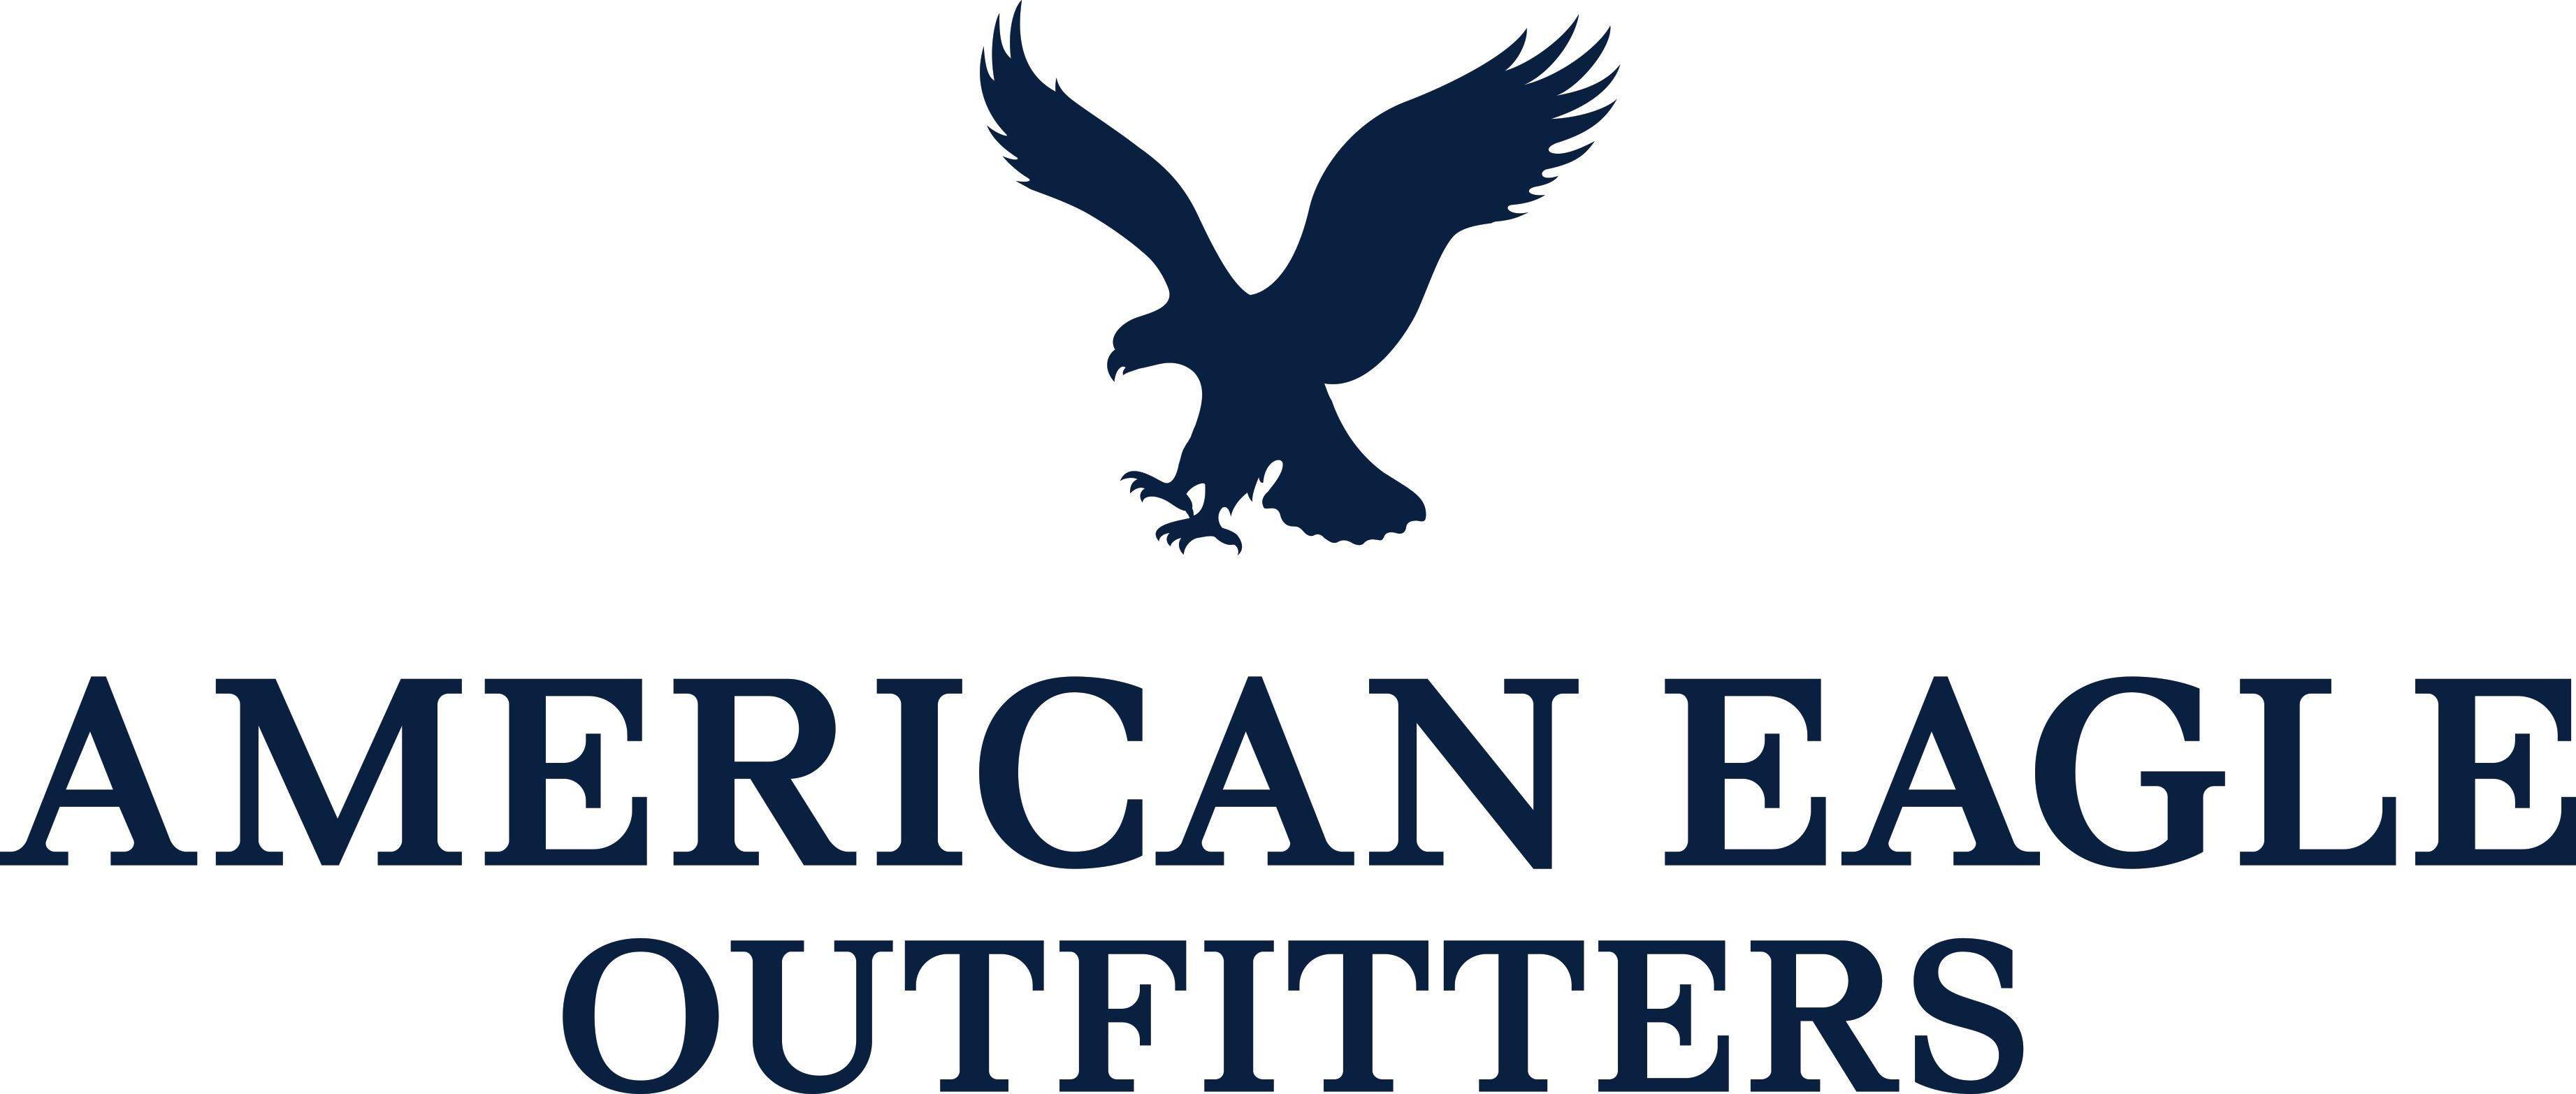 American Eagle Outfitters Logo - American Eagle Outfitters Near 5 Year Highs; Some Thoughts
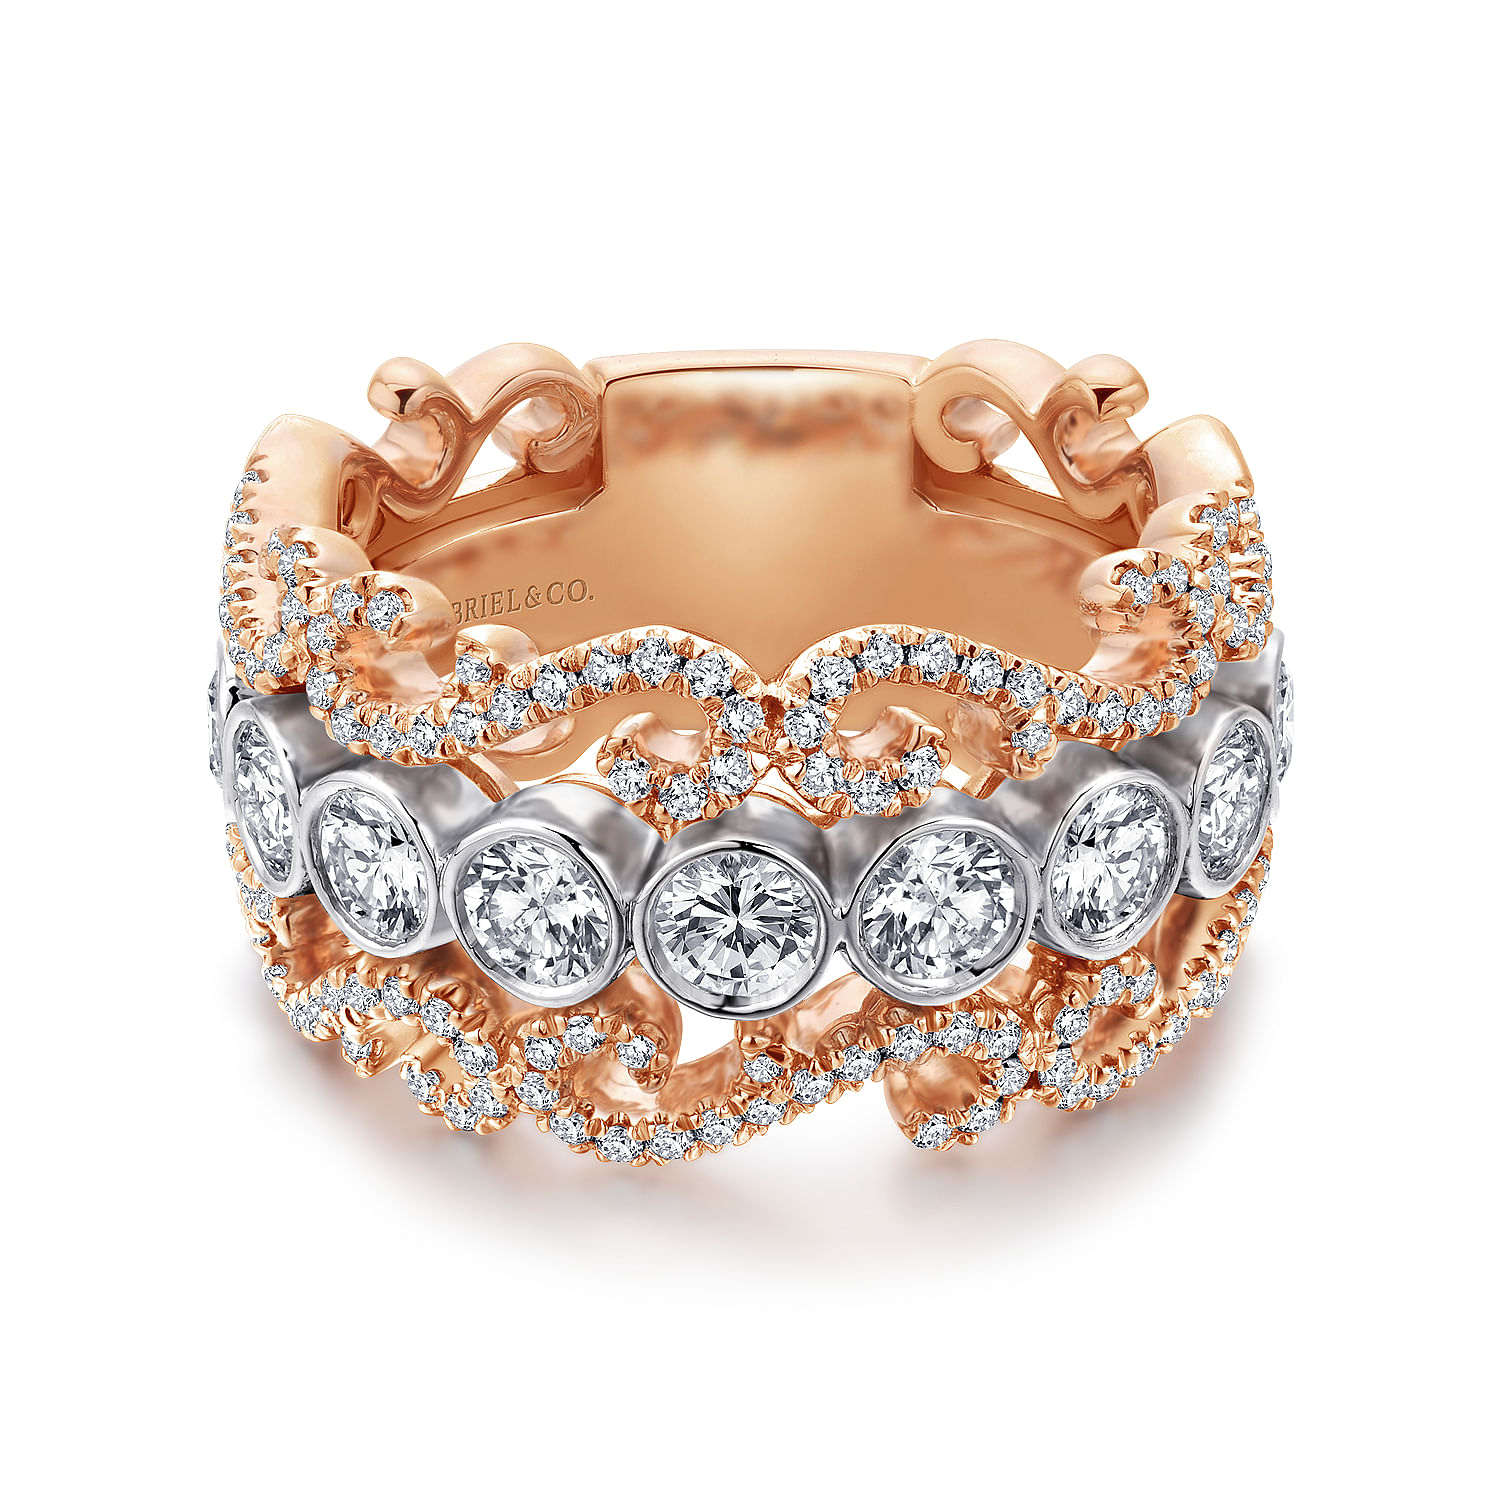 Abdie - Wide 14K White and Rose Gold Fancy Diamond Anniversary Band
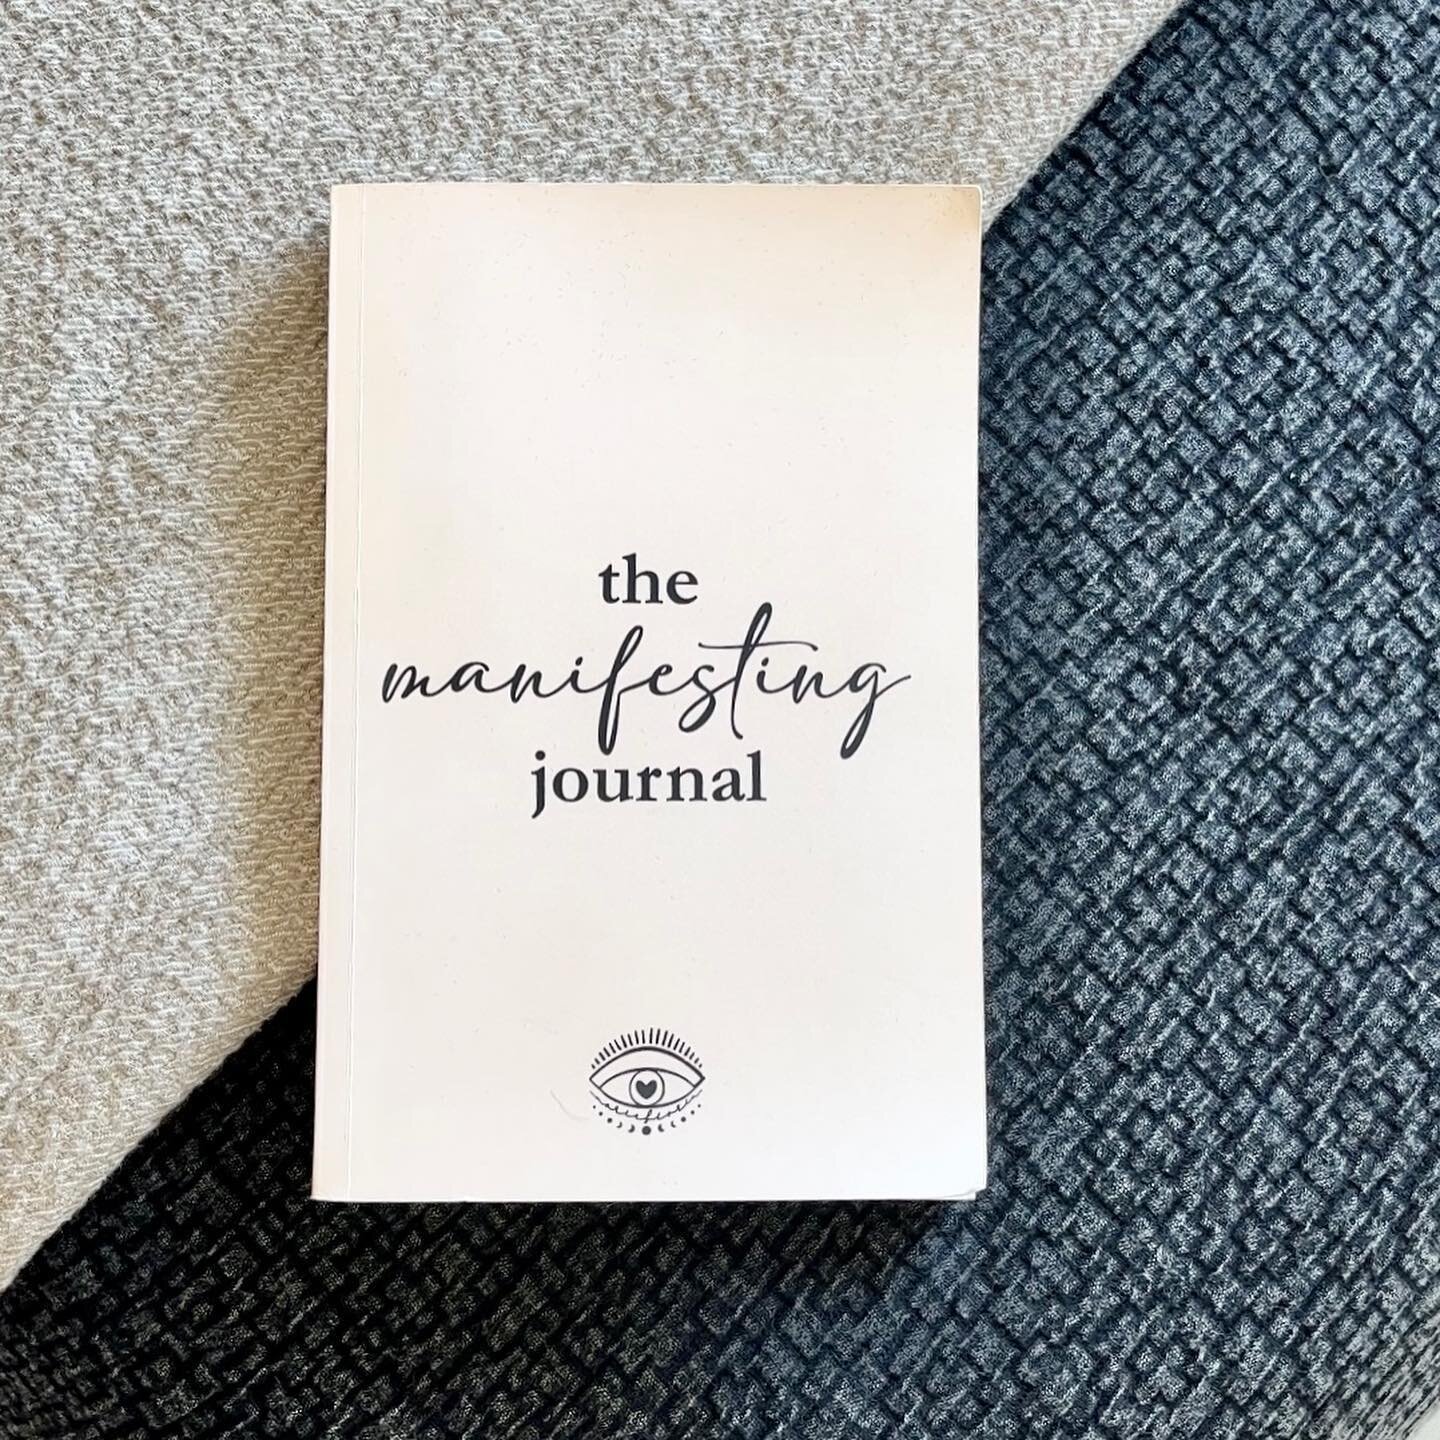 And it&rsquo;s raining in LA! Again! Even when the outside conditions are not the way you want them to be, you still have the power to choose how you want to feel. You&rsquo;re in control, create a life you love 💛✨ #themanifestingjournal #manifestin
+ + + + + + +
> _Brief_:
Leaving the pictures out, output all of the listing exactly.

> _Response box_:
 American Eagle Outfitters Logo - American Eagle Outfitters Near 5 Year Highs; Some Thoughts
 Abdie - Wide 14K White and Rose Gold Fancy Diamond Anniversary Band
 And it&rsquo;s raining in LA! Again! Even when the outside conditions are not the way you want them to be, you still have the power to choose how you want to feel. You&rsquo;re in control, create a life you love 💛✨ #themanifestingjournal #manifestin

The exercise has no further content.